Do you want a usable system, or do you want to investigate?

"Investigating", you may go days/weeks, and never ever know...

Well I would like both to be honest. My system is usable if I have task manager open.
I'm not sure if this can be of use but this is the scan report in a paste bin
https://pastebin.com/Hq11B4j4

 

[sebastianredwood]

It leads me to https://dll-files.com/
be careful if you decide to click that link, it gives an unsafe warning.

 

[USAFRet]

It leads me to <Redacted>
be careful if you decide to click that link, it gives an unsafe warning.

What led YOU to go to that site?

 

[sebastianredwood]

What led YOU to go to that site?

Curiousity over common sense.

 

[sebastianredwood]

Curiousity over common sense.

This could be the key to knowing what's on my computer, but I'm not brave enough to venture into such foul and uncharted territories, are you?

 

[USAFRet]

And from your scan report:
"DllFilesFixer "
No good can come from that.

This is why we have Linux, and even a Windows instance in a sacrificial VM.

 

[rgd1101]

https://forums.tomshardware.com/thr...-operation-to-complete.3663802/#post-22071954
see if you got that new miner

hmmm, I've downloaded my drivers from nvidia, nvidia control panel and experience. steam, gyazo, firefox, streamlabs, all the normal stuff

so that a lie?

 

[sebastianredwood]

https://forums.tomshardware.com/thr...-operation-to-complete.3663802/#post-22071954
see if you got that new miner



so that a lie?

Okay so... The whole downloading drivers thing was a bit messy. Nvvoida was acting all weird and stuff soo.. yeah.
Also, some system files were missing so I googled around for quite a while and I think I got them. The game now works with whatever I got but I guess some sort of little follower came with them. I wonder if there's a way to trace the address that the crypto is being sent to, if I have a crypto miner that is.
Time will tell, hopefully my pc doesn't blow up in the meantime but I doubt it will considering I'm most likely making him bank! 0.00001btc an hour. sommabitch.

 

[boju]

My system is usable if I have task manager open.

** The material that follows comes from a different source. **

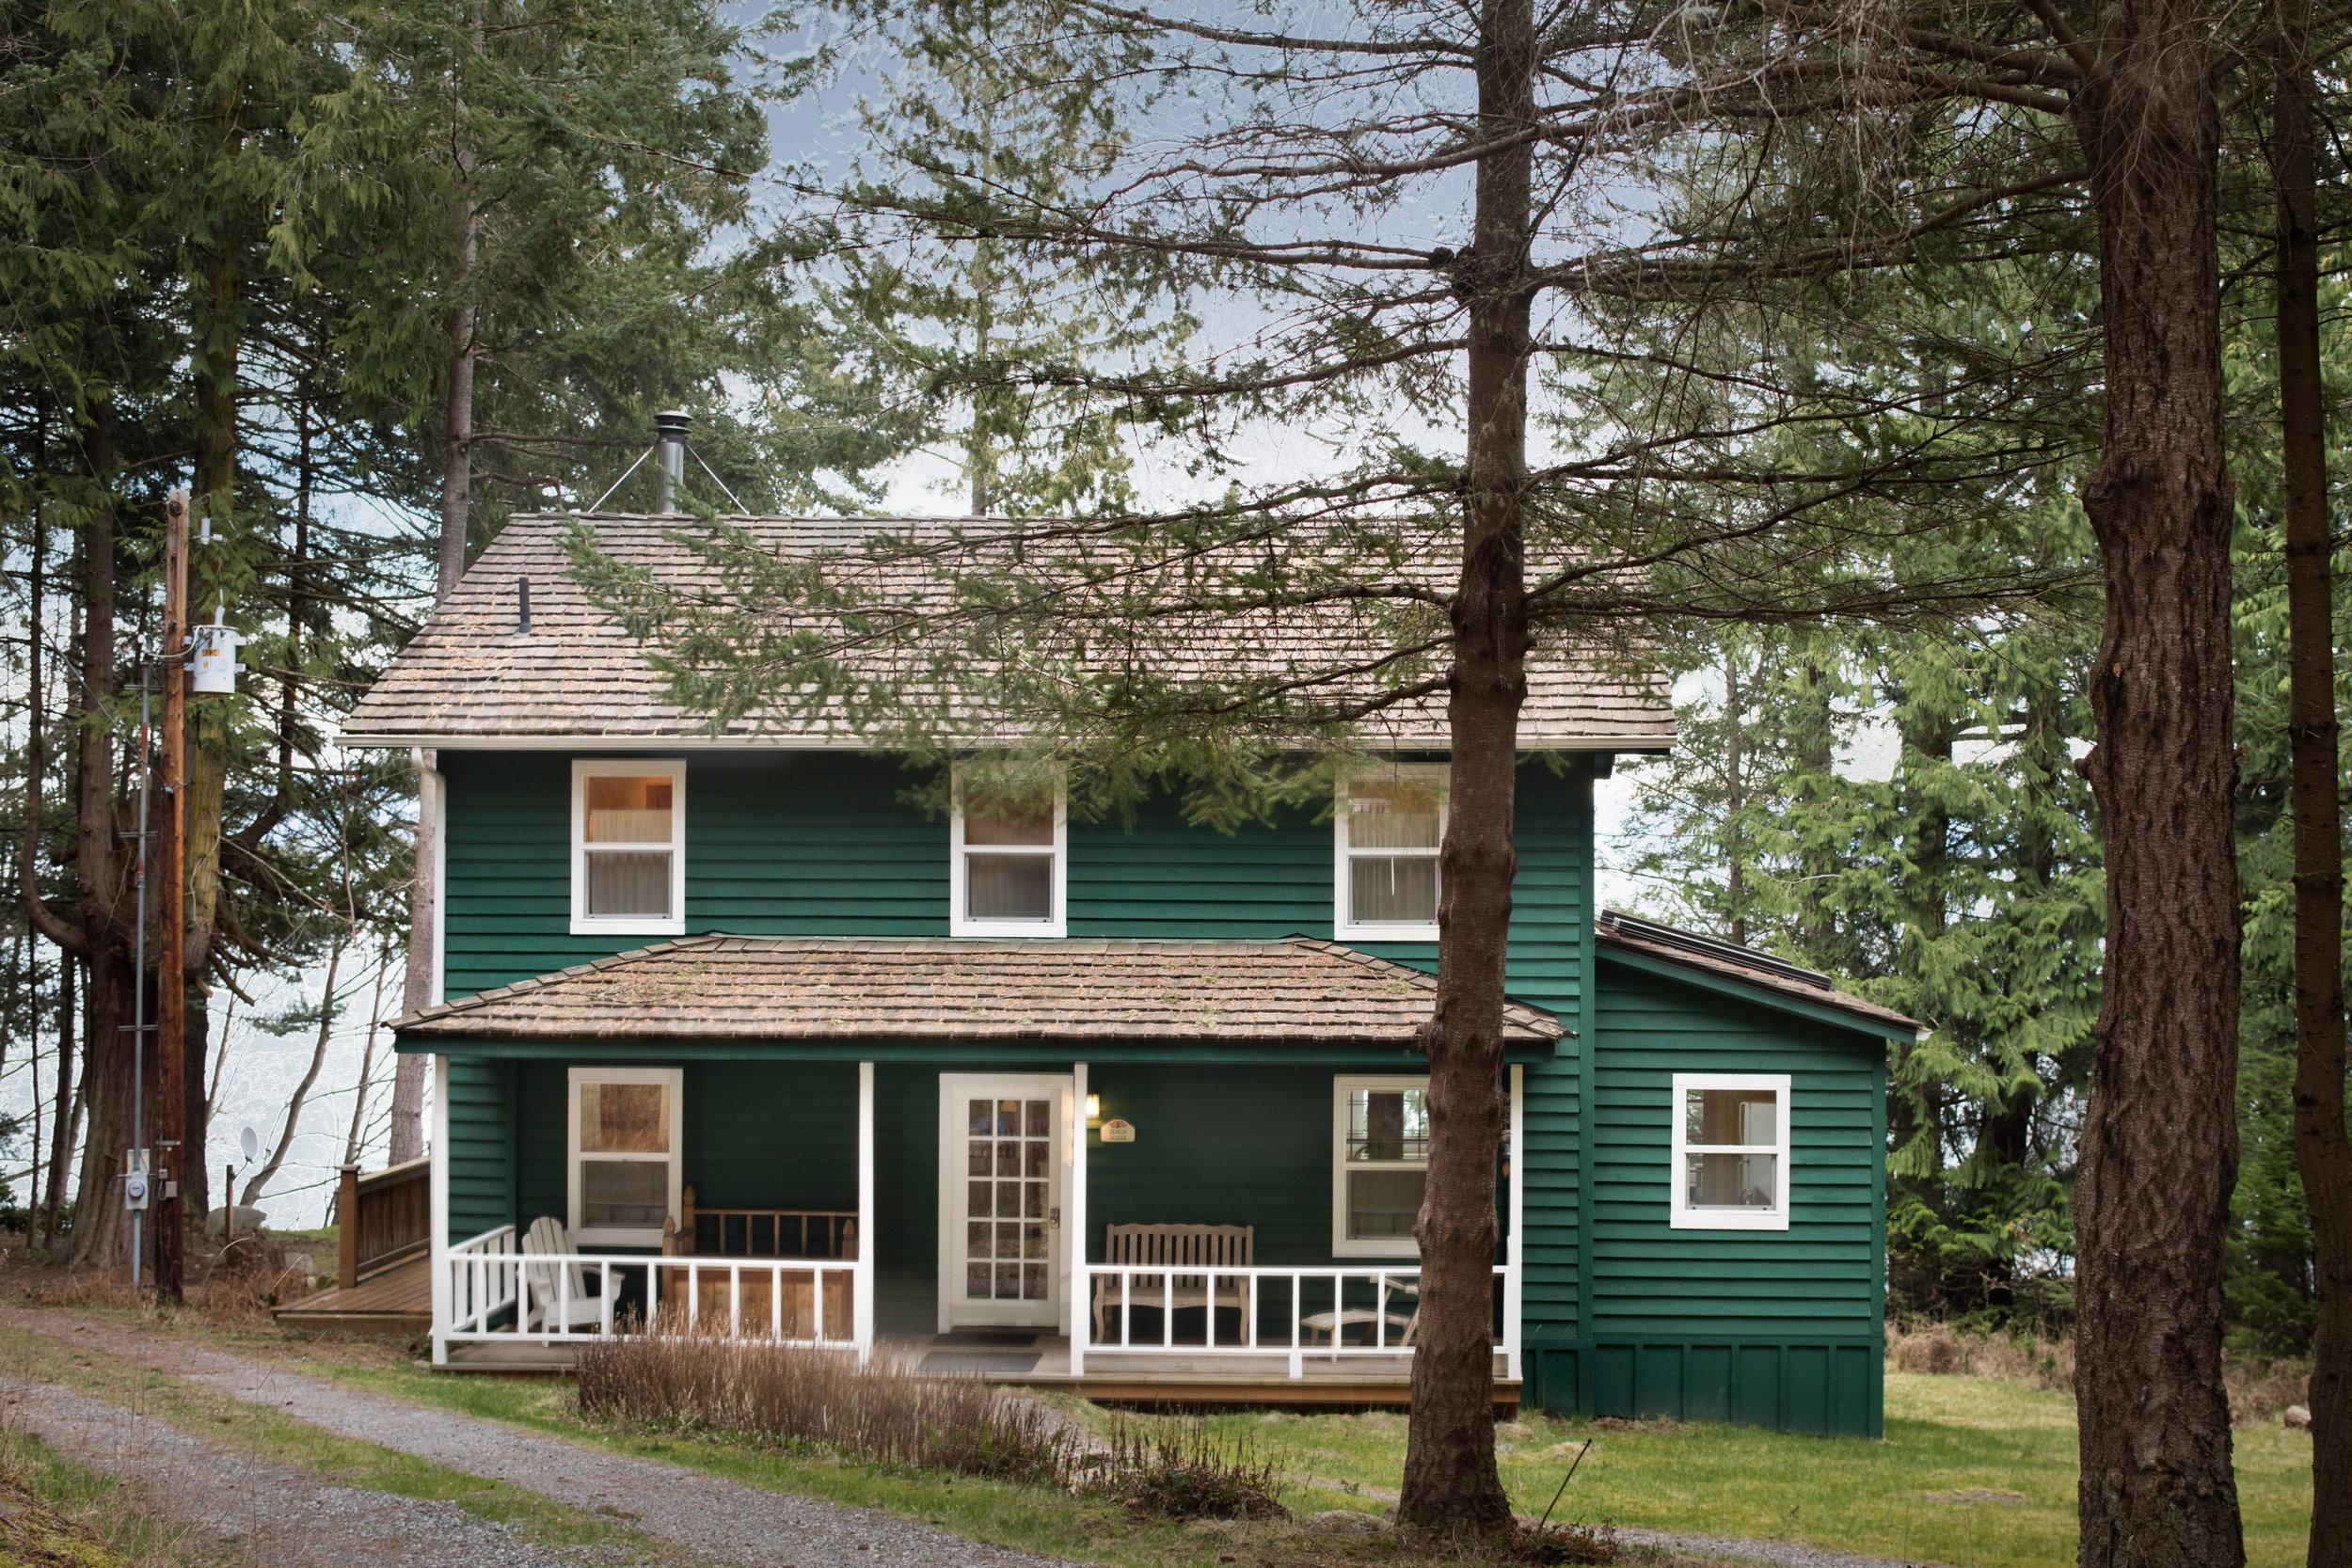 190322-Beach-House-2-0001-3.jpg
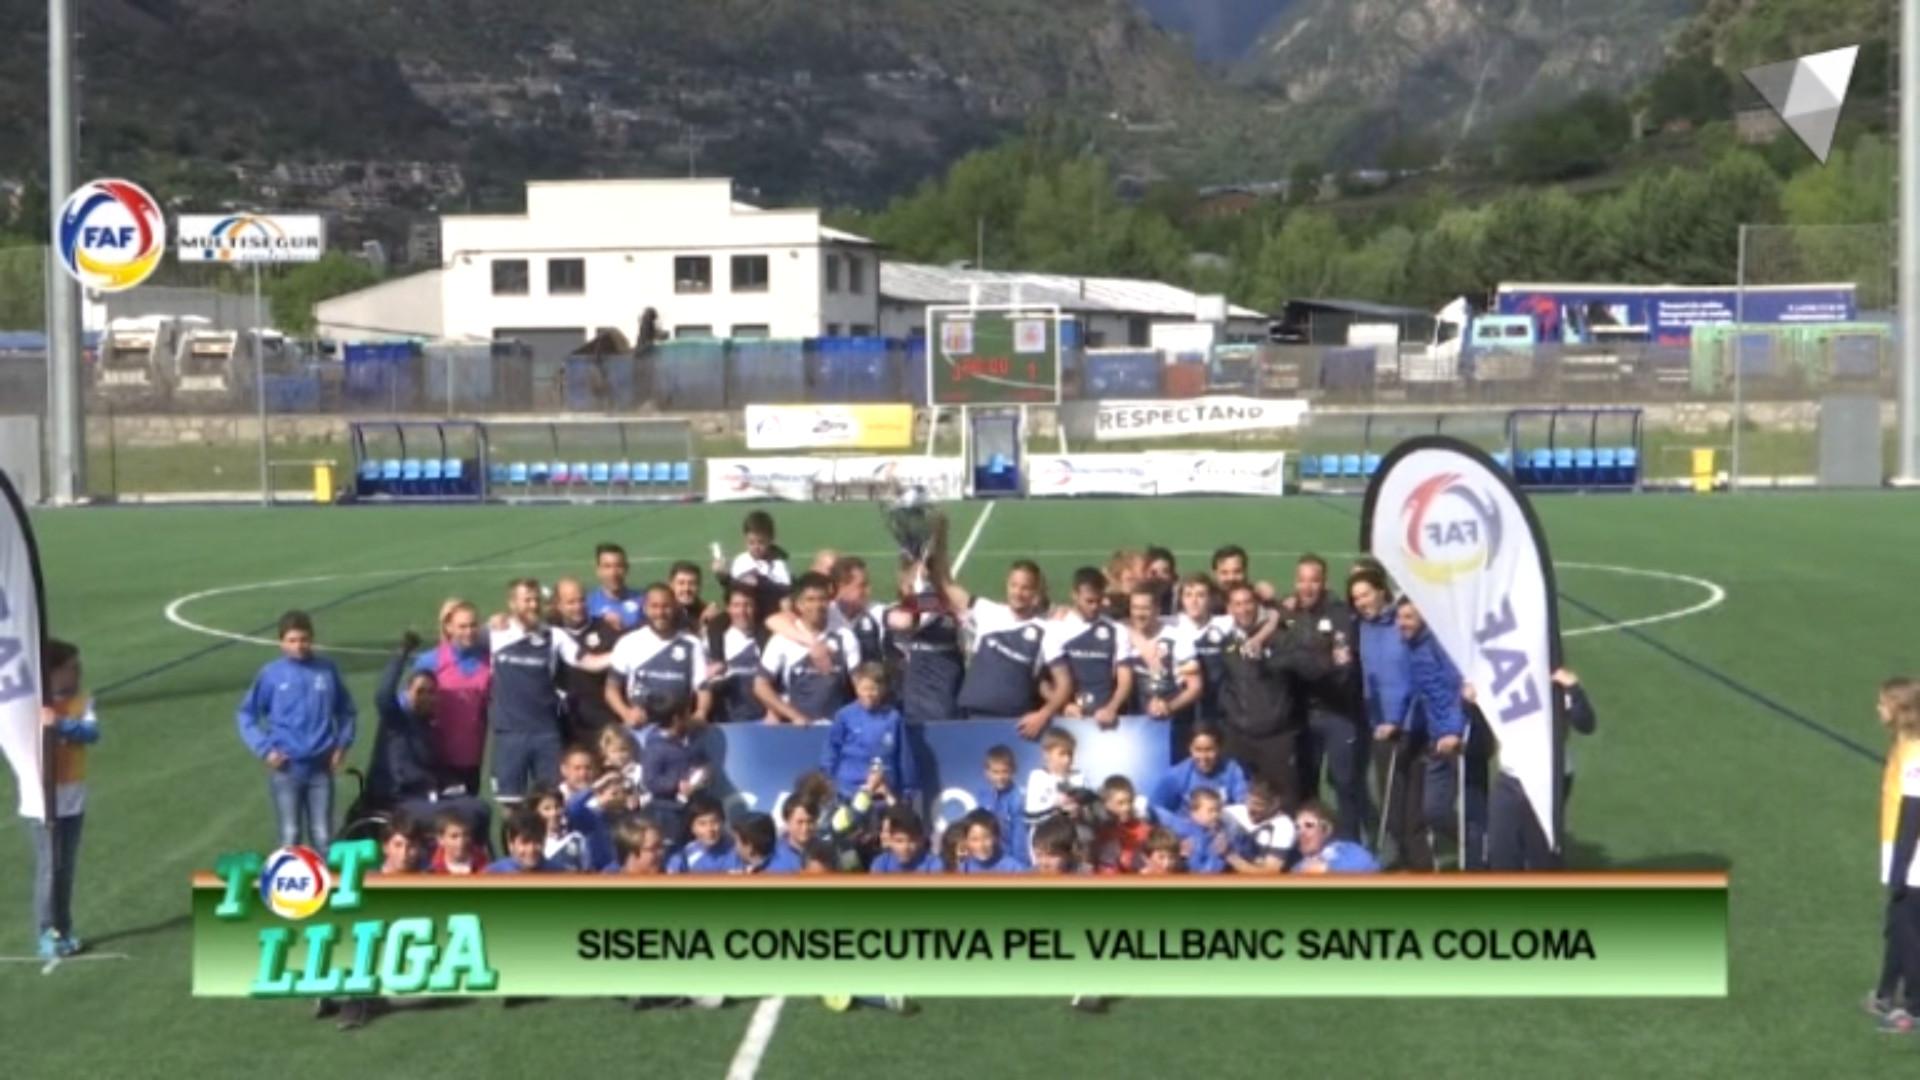 Tot Lliga - Sisena consecutiva per al VallBanc Santa Coloma

Often these nasties tend to 'susbend' itself when task manager is running to avoid you seeing it in the list of running processes. Temporary fix i guess leaving TM open.

Full wipe and reinstall, it's really the only way. You'll feel better anyway knowing your next efforts will be worth doing this time around.

 

[USAFRet]

Okay so... The whole downloading drivers thing was a bit messy. Nvvoida was acting all weird and stuff soo.. yeah.
Also, some system files were missing so I googled around for quite a while and I think I got them. The game now works with whatever I got but I guess some sort of little follower came with them. I wonder if there's a way to trace the address that the crypto is being sent to, if I have a crypto miner that is.
Time will tell, hopefully my pc doesn't blow up in the meantime but I doubt it will considering I'm most likely making him bank! 0.00001btc an hour. sommabitch.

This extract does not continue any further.